UM EXERCÍCIO EXISTENCIAL NA MADRUGADA

Meia noite e o celular sinalizou a chegada de uma mensagem. Era o pai do meu filho. Dizia que ele, já na hora de dormir olhou bem nos olhos do pai e disse: pai, quando eu morrer vou sentir saudades de vocês! Ligo imediatamente e ele, o pai, atende chorando. Não sabia por quê, mas o menino de 4 anos soltara essa, no meio de uma madrugada qualquer. Acho que era uma sensação apenas, despertada por algum fato que ele registrou e manifestou assim, depois de passar horas rindo e se divertindo com o pai. Acho que era o jeito dele dizer que nos amava. Choramos muito, não por alguma razão concreta, mas por ter sentido, pela primeira vez, o que seria do nosso mundo sem aquele pequeno rapaz. Nosso gigante...nossa semente de esperança, de pujança, de sentido para nossa existência. Então desligamos e oramos pela graça de tê-lo.
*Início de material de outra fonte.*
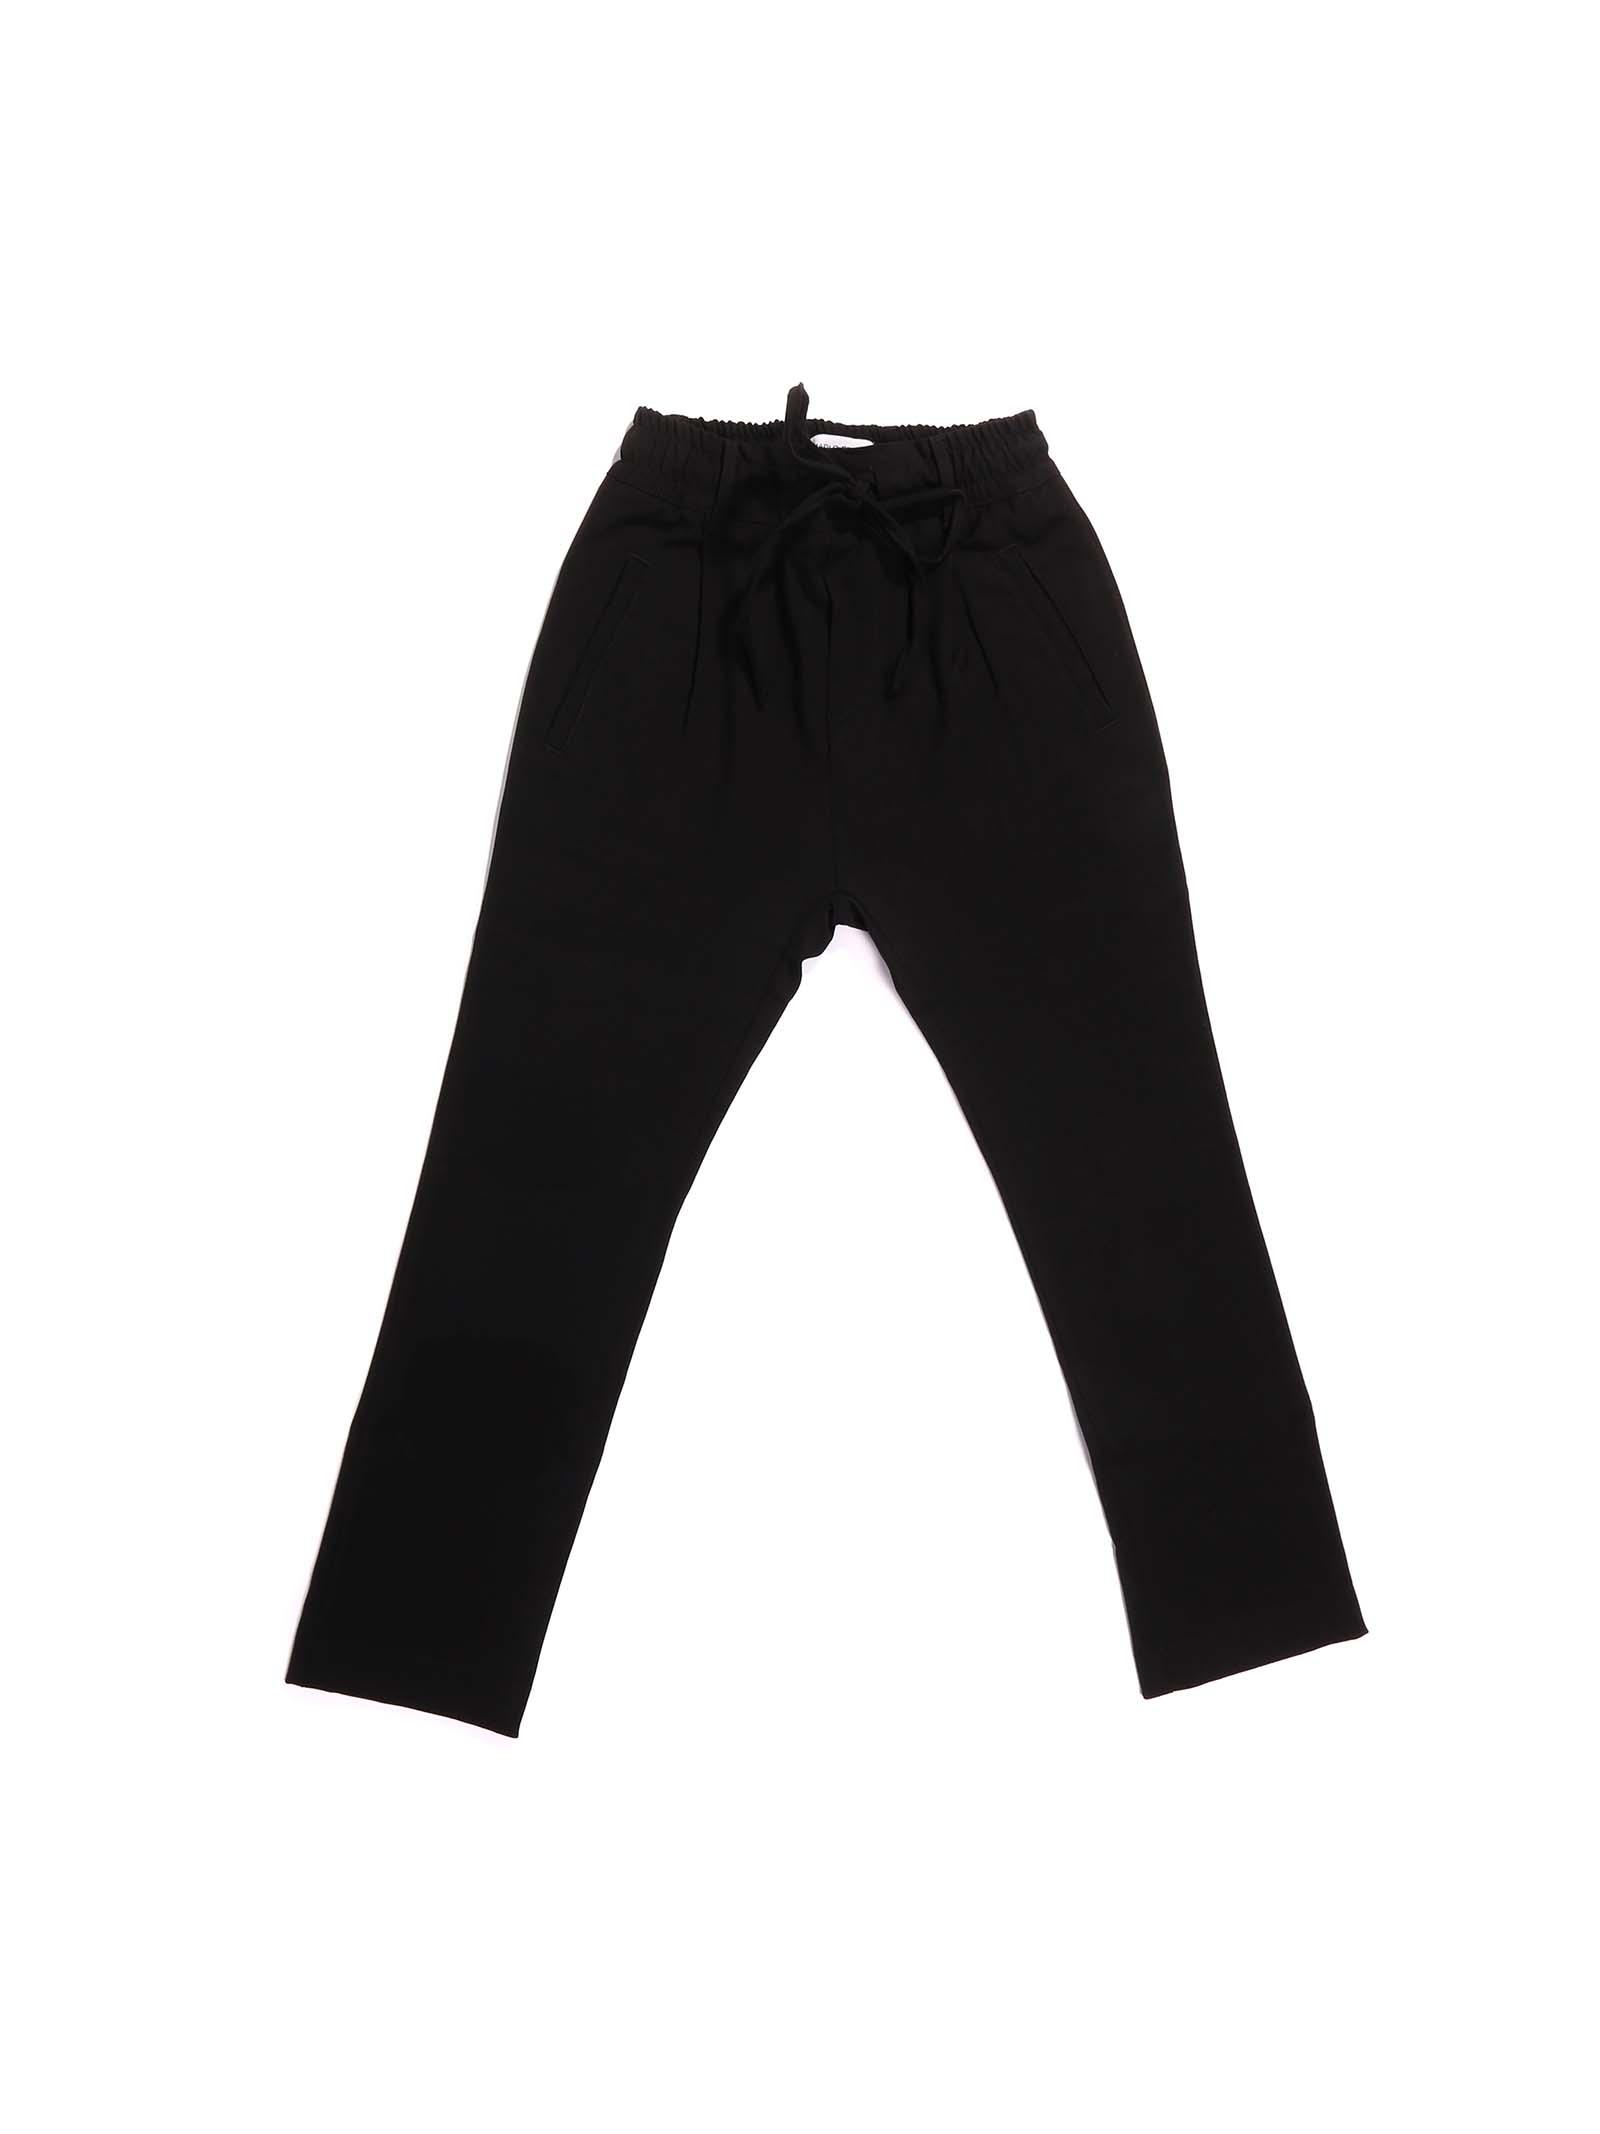 pantalone nero Paolo Pecora | Pantalone | P2500NERO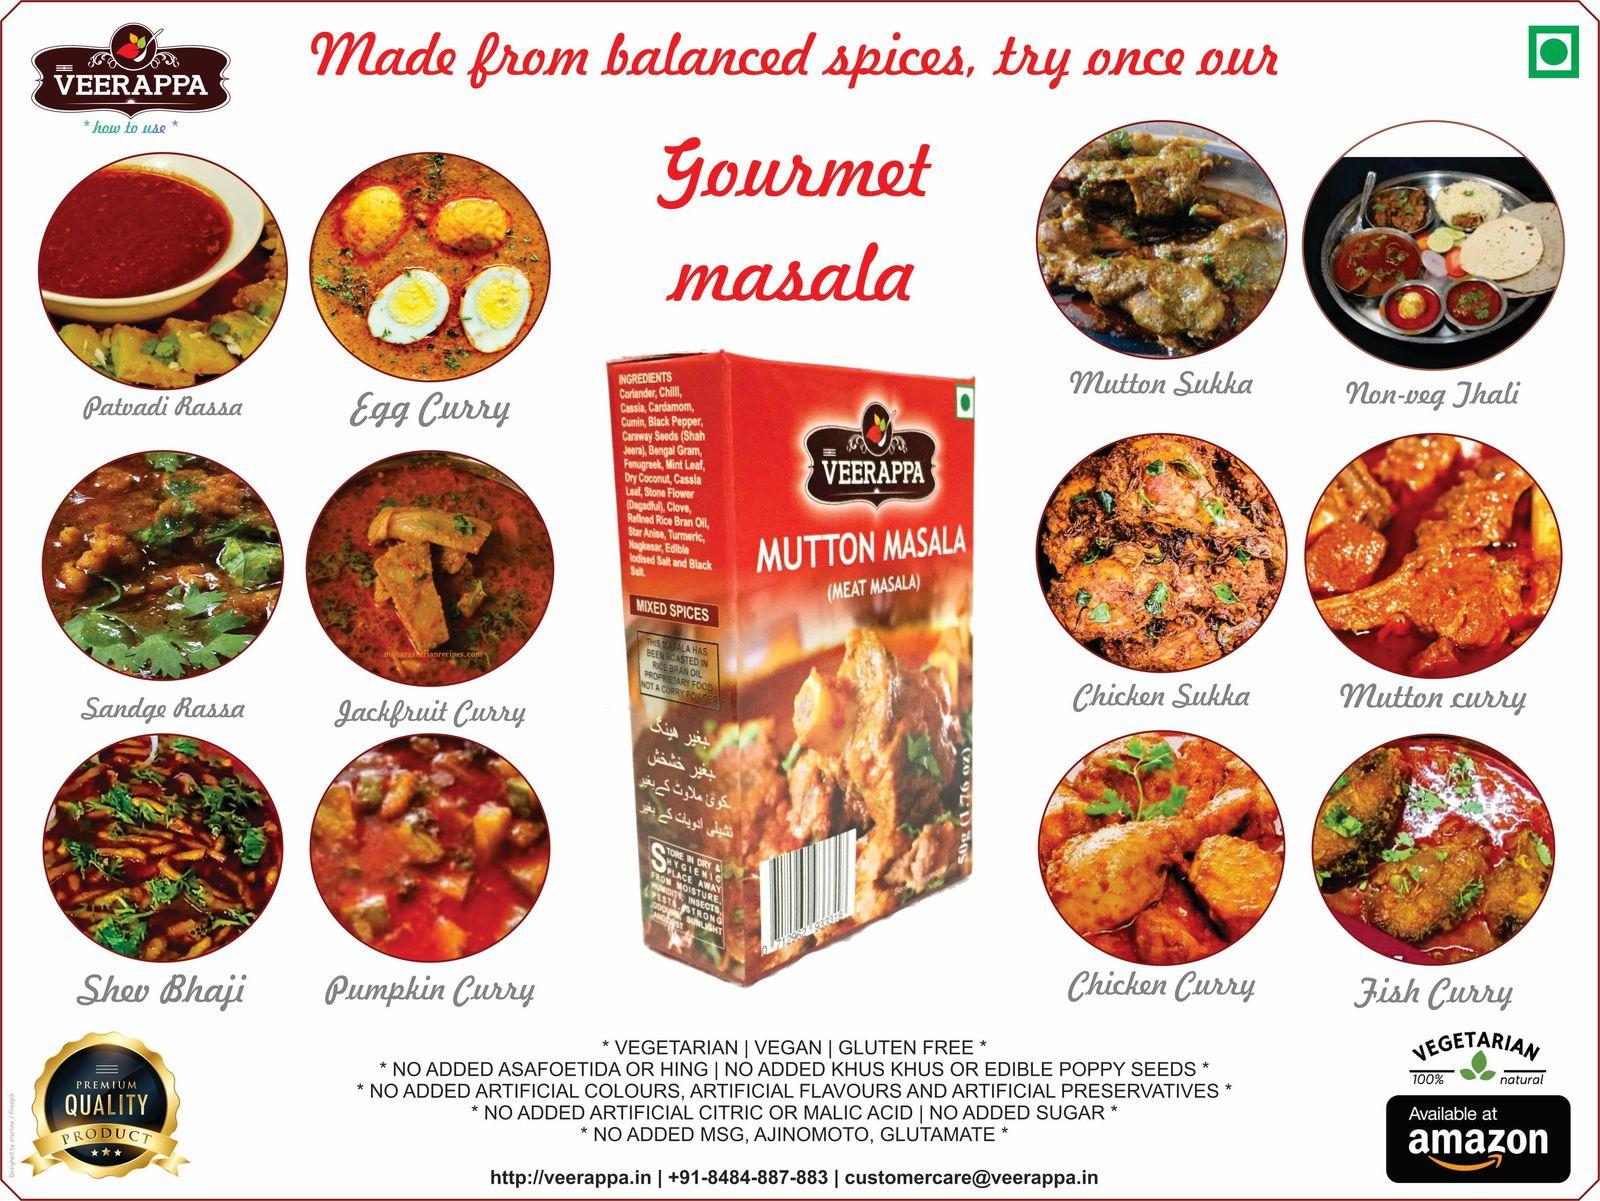 VEERAPPA Mutton (Meat) Masala 200g

O pai abraçado com o filho e eu abraçada com a imensidão.

PEQUENO MESTRE

Hoje, meu filho Sempre, meu irmão de caminhada Obrigada por me ensinar mais em cinco anos do que em toda minha jornada Me deste a linguagem do amor abnegado Que dizem ser o mais próximo do amor de Deus Minha vida não foi edificada sobre a tua presença O que sinto por você não é posse Existo em paralelo a ti, caminhando juntos Mas és meu Sol, meu ar fresquinho, minha água pura de matar a sede Meu Ipê florido que corta a imensidão azul de existir Meu perfume edificador Carne da minha carne Sangue do meu sangue Fruto da minha capacidade de amar e de me entregar  Tens nesse corpo meu passado, meu presente e meu futuro Os teus olhos têm a forma dos meus, mas seu olhar sobre o mundo vamos construir juntos Os lábios, como do seu pai, mas seu ponto de vista também vamos construir juntos És meu milagre És a manifestação de Deus na matéria Me mostrando que se os milagres existem  Tudo é possível E que o mundo fica pequeninho perto de ti Amo-te como jamais alguns poderão entender Amo-te ...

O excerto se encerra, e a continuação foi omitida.